Когда-то, в позапрошлой наглухо забытой жизни, в бетонном вольере Московского зоопарка обитала старая лысая медведица. Я приходил к ней часто в то лето, не мог оторваться от этого зрелища. Сердце сжималось, слезный ком подкатывал к горлу. Я не знал, как ей помочь. Очень хотелось ее обнять. Она была очень похожа на человека. На застывшую в ступоре безумия больную тучную старуху, вставшую на четвереньки. Из-за того, что происходило в стране, Россия представлялась мне в образе этой несчастной медведицы. Серая кожа в язвах, в уродливых складках, отвисшие губы, руины желтого оскала. Я не понимал, как можно держать животных взаперти. Я не знал, как пробраться в застекленный вольер, а если бы мне это удалось, скорее всего, она бы меня разорвала.
Странное воспоминание. Притом что нынче упражнения в беспамятстве становятся родом искусства. Оторопь оттого, что уже не можешь припомнить, когда произошло событие, то или иное, сменяется удовлетворением. Все меньше удивления, все больше прохлады. Беспамятство стало своего рода медитацией, напоминающей сон.
Но вот что недавно заметил. Сновидения теперь почему-то отчасти выплескиваются на улицы Южного Тель-Авива, между улицами Лехи и Эцель. Почему именно туда – необъяснимо. Наверное, так и полагается снам, тайна которых нерушима, как существование или несуществование загробного мира.

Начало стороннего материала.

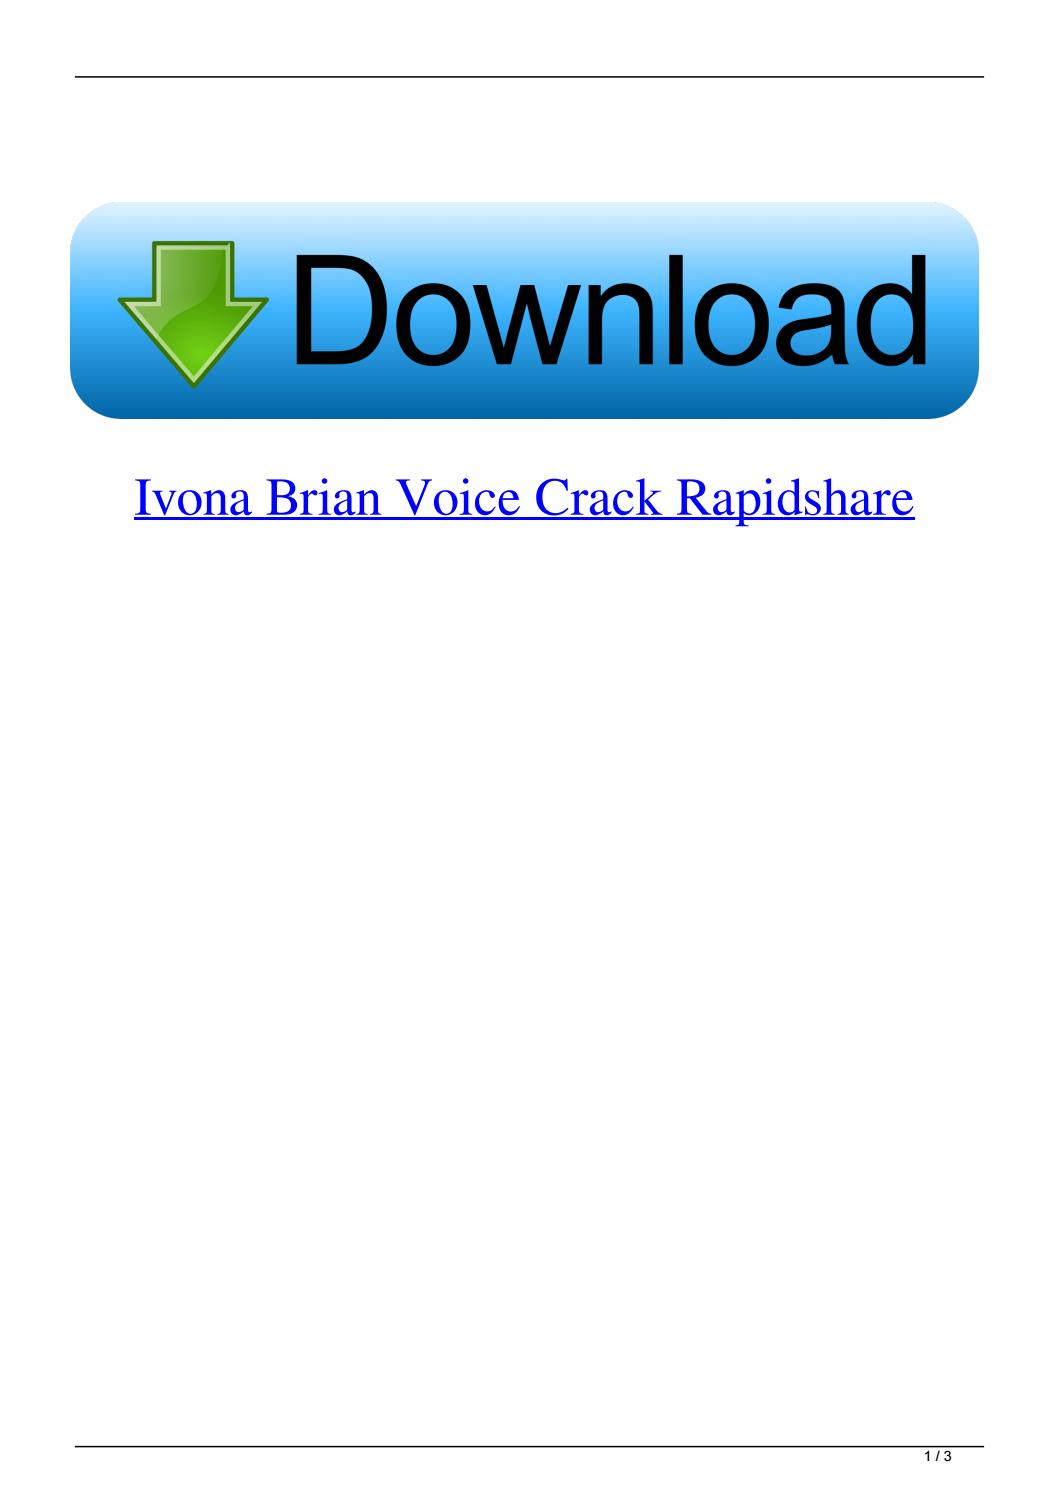 ivona voices 2 crack download

Здесь, между Лехи и Эцель, чрезвычайно кинематографичный задник, тут можно снимать все, что угодно, как на берегу моря. При этом камере необязательно быть сфокусированной на действии, ибо нельзя упустить из виду ни одну деталь этого въедливо инкрустированного напористой восточной жизнью района, полного разнообразных сарайчиков, навесов, двориков, домишек, коттеджей, домов, старых телеграфных столбов, остро припахивающих креозотом, увенчанных «вороньими гнездами» из обесточенных давным-давно проводов, в которых шепчутся призраки. В довершение этот узел пространства рассечен базарными рядами, крытыми от солнца парусиной: внутри ощущение, будто бродишь в трюме каравеллы без палубы. За вымершим в субботу рынком навстречу из крохотных синагог выступают эбонитовые эфиопы в белых крылатых одеждах, на углу продают малаби – заварной крем с орехами и корицей, а разнообразие резких ароматов вдруг сменяется всплеском запаха чистоты – от только что выстиранных и вывешенных за окно простыней. Раскидистое кресло с разодранной обивкой пустует на развалинах балкона, и облако, золотистое от напоследок плеснувшего из-за горизонта заката, проползает, безудержно тая, в надвигающихся вместе со снами сумерках. Призрак невесомо опускается в кресло, чтобы с горестью смотреть на дрожащие в мареве остывающего города близорукие звезды.
Базаров и темнота
Красивая вдова не просто красивая женщина, но и вариант будущего – брак, способный состояться с прибылью не только эмоциональной, но и материальной. Базарова сознательно интересует только первое: «Позабавиться – это значит позабавиться, черт меня побери… Парень с девкой – музыки не надо…»[10] – так убеждал месье Полит прелестную Селесту у Мопассана.
Одинцова дебютирует маской тонкой приветливости, безмятежного изысканного внимания. Базаров смущенно ломается: говорит нечто, что с этой ситуацией никоим образом не сочетается. Анна Сергеевна оказывается нестрогой, обнаруживает широту натуры и прислушивается к Базарову, хотя тот больше говорит не об убеждениях, а о науке. Одинцова пробует заговорить об искусстве, но тщетно – и возвращается к ботанике.
Три часа беседы ничуть не сближают собеседников, напротив: между ними выстраивается пространство, оказывающееся непроницаемым.
Одинцова даже укоряет присмиревшего Базарова в следовании приличиям и призывает к дискуссии, уверяя, что она горячая спорщица. И в самом деле: при всей строгости и упорядоченности в быту и хозяйстве она держит себя так, что вызывает на откровенность, на прямоту, на полемику.
Одинцовой нравится Базаров, хотя его позиции и противоречат ее не особенно нам известным воззрениям. По крайней мере, это говорит о ее уме, предпочитающем смысл равновесию. Как вдруг Базаров теряет покой, становится раздражителен, едва находит себе место, говорит нехотя, сердится.
Аркадий, с очевидностью отвергнутый Одинцовой, утешается смирной Катей, которая его и себя потом назовет «ручными», а Базарова – «диким».
Одинцова регулярно отправляется на прогулки с Базаровым, оставаясь вместе с ним равнодушной к природе. Нигилист смиренно относится к ее аристократизму и все больше помалкивает с Аркадием, находя его общество безынтересным.